Everyone was so happy around us - and why shouldn’t they be, it was Christmas after all. If I could have murdered someone to keep her alive I’d have done it, no seconds hesitation. But I couldn’t. And I had made a promise to this amazing, amazing person that I would do everything I could to keep her safe and happy. And I’d failed, spectacularly. And don’t even go down the route of “there was nothing you could have done”, because there should have been. I should have insisted she went to the doctors when she had stomach pains. I should have just taken her. But I didn’t.
So yeah, Christmas. It’s a time of deep, deep grief. It’s a time of misery and despair, of hopelessness, of desperation, of sheer unadulterated panic. And that’s it. End of. The best way through it is to be aware of it for as little as possible. If I was a drinker I’d just get blind drunk and sleep through it. Don’t really watch much tv because I simply don’t need constant reminders that it’s Christmas. It’s best that it’s a simple, normal day.
“But it never is, is it Phil?”
“No Phil, it’s never a simple, normal day.”

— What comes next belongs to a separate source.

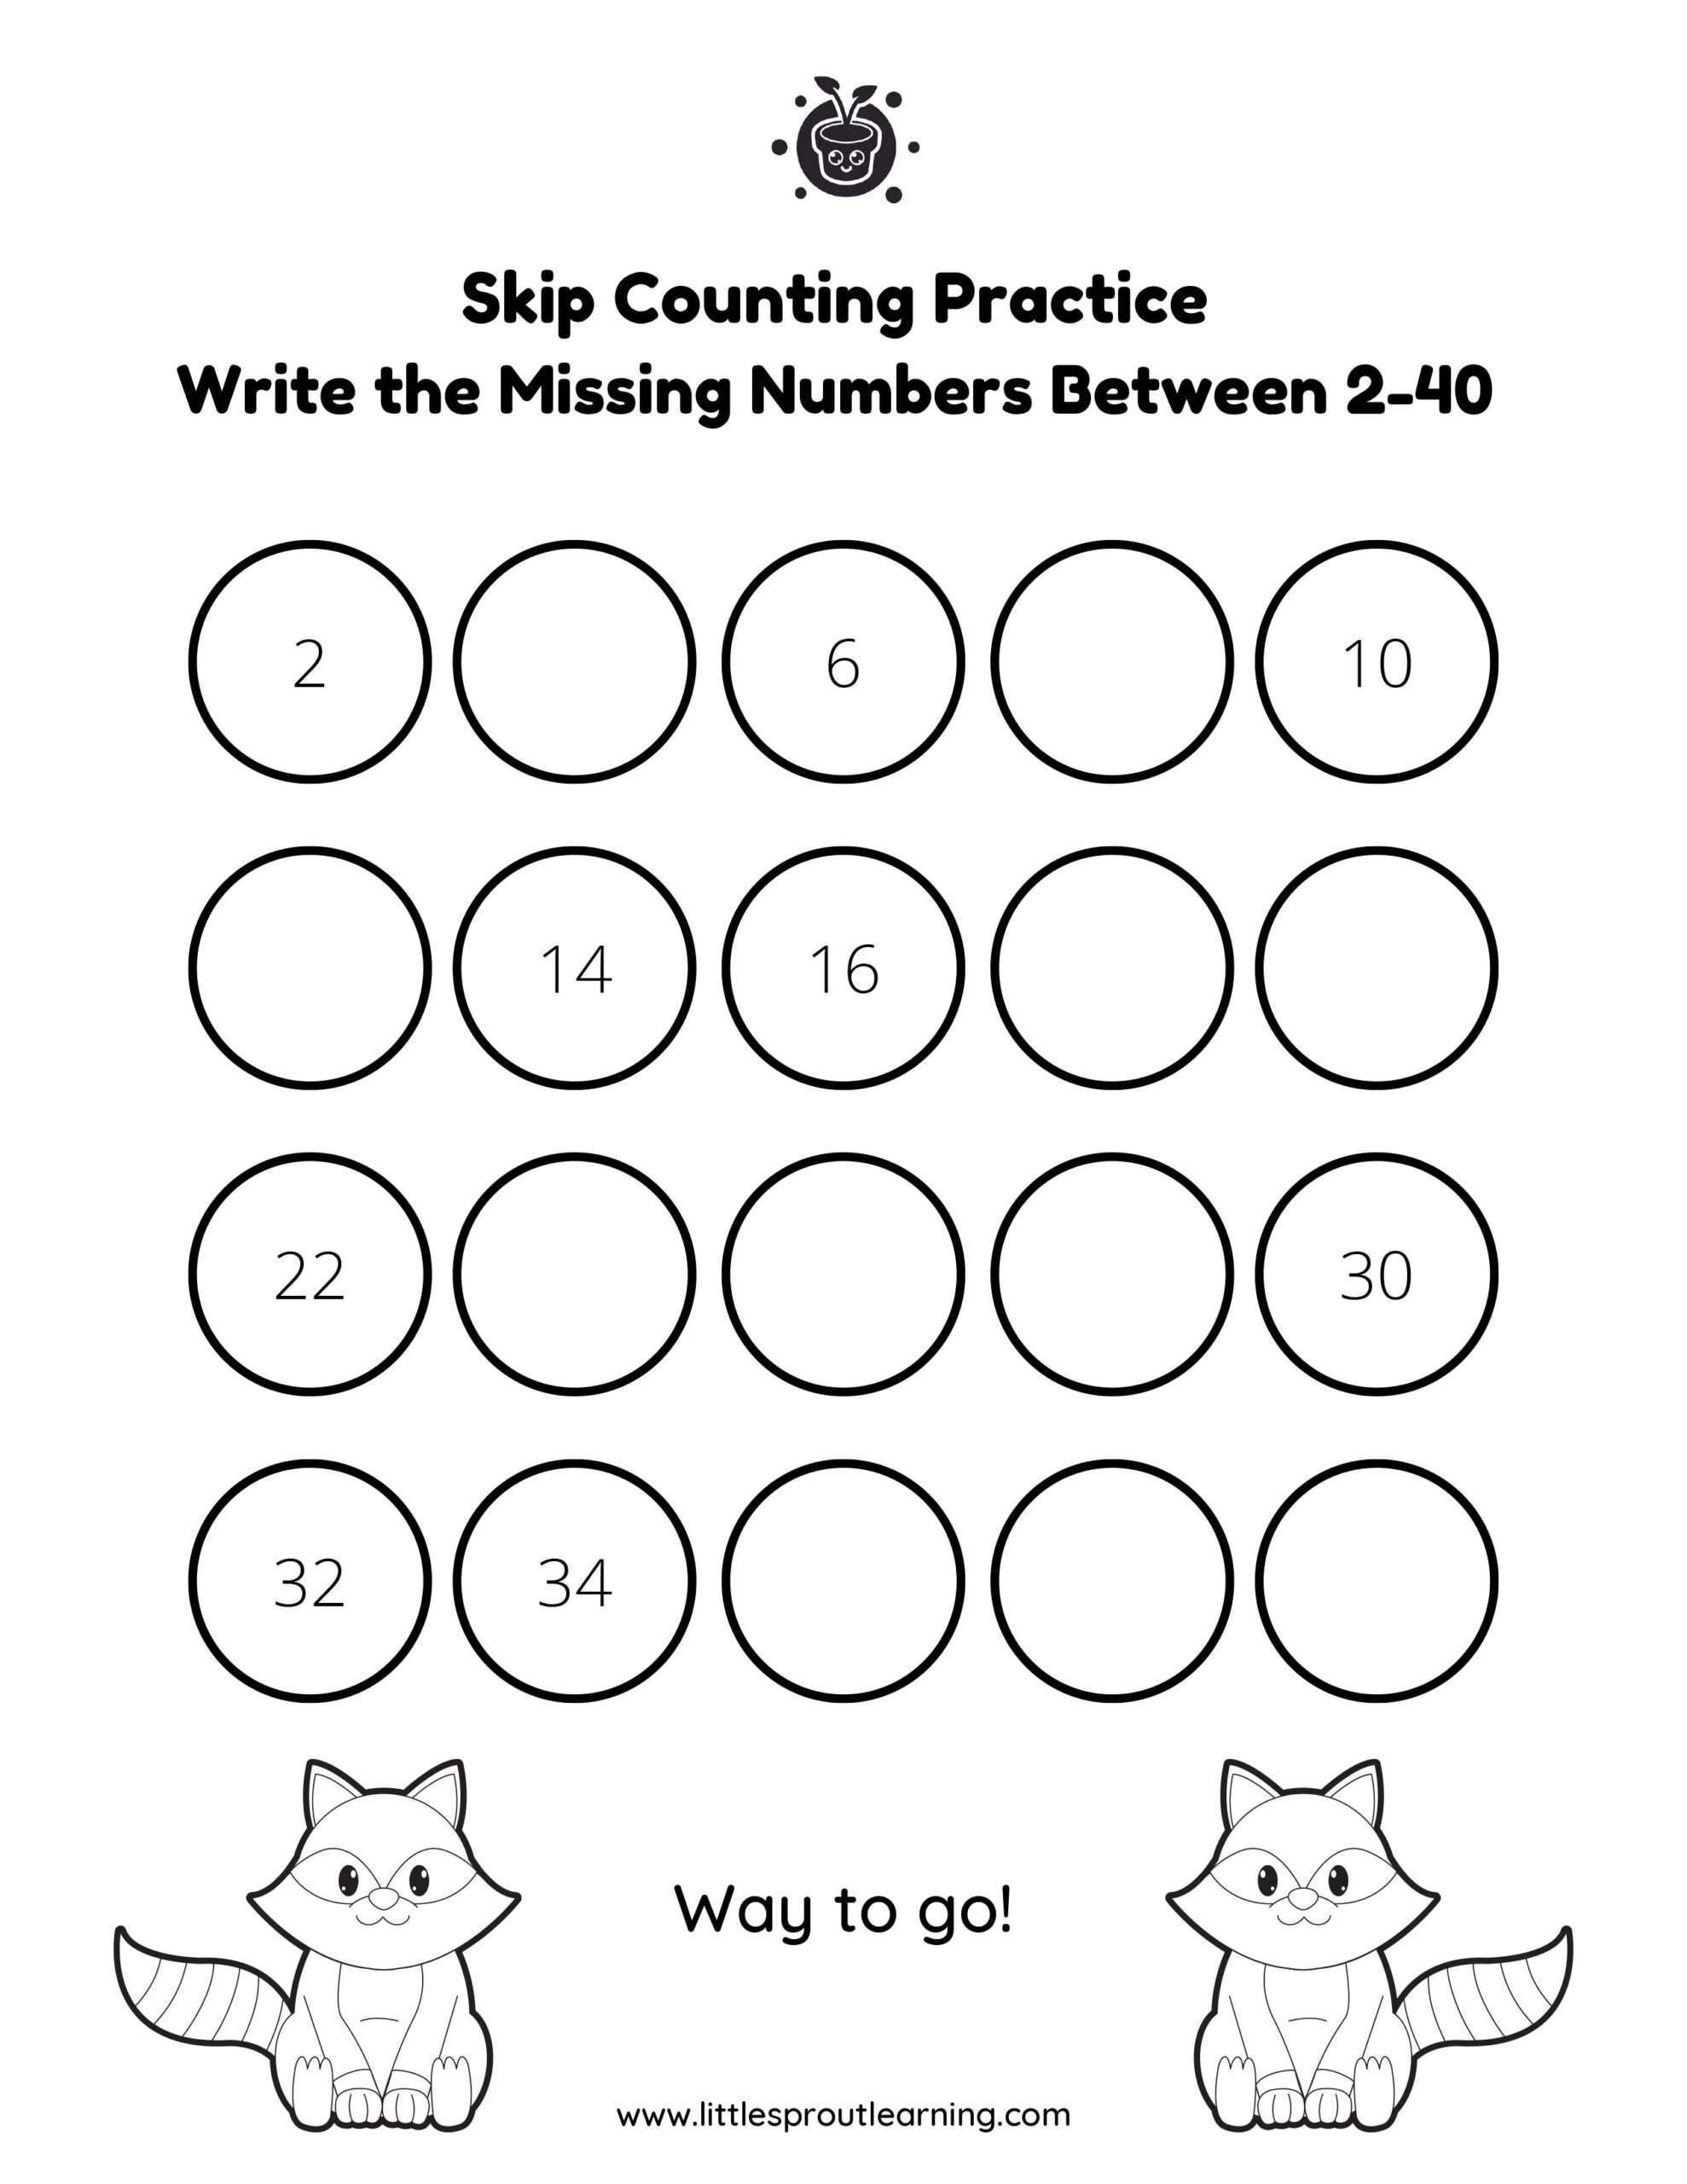 Skip Counting by 2

And I’d really like to go back to happier times, remembering nicer Christmases. But in order to do that, Imma gonna have to open that box of memories, and that’s fuck off scary. You remember that scene at the end of the first Indiana Jones? When they opened the box and this whirling whatever it was screamed and whirled around the cave, melting all the Nazi soldiers faces and bodies? That’s just what it’s going to be like when I do that. And hey, here’s that bridge I said I’d cross when I got to it!
So that’s why I don’t like Christmas. Thank god it’s done for another year.
This retreat *really* has to work. I deleted the last version of this, I’ve done a toned down version. Fuck it, just hit post, you moron!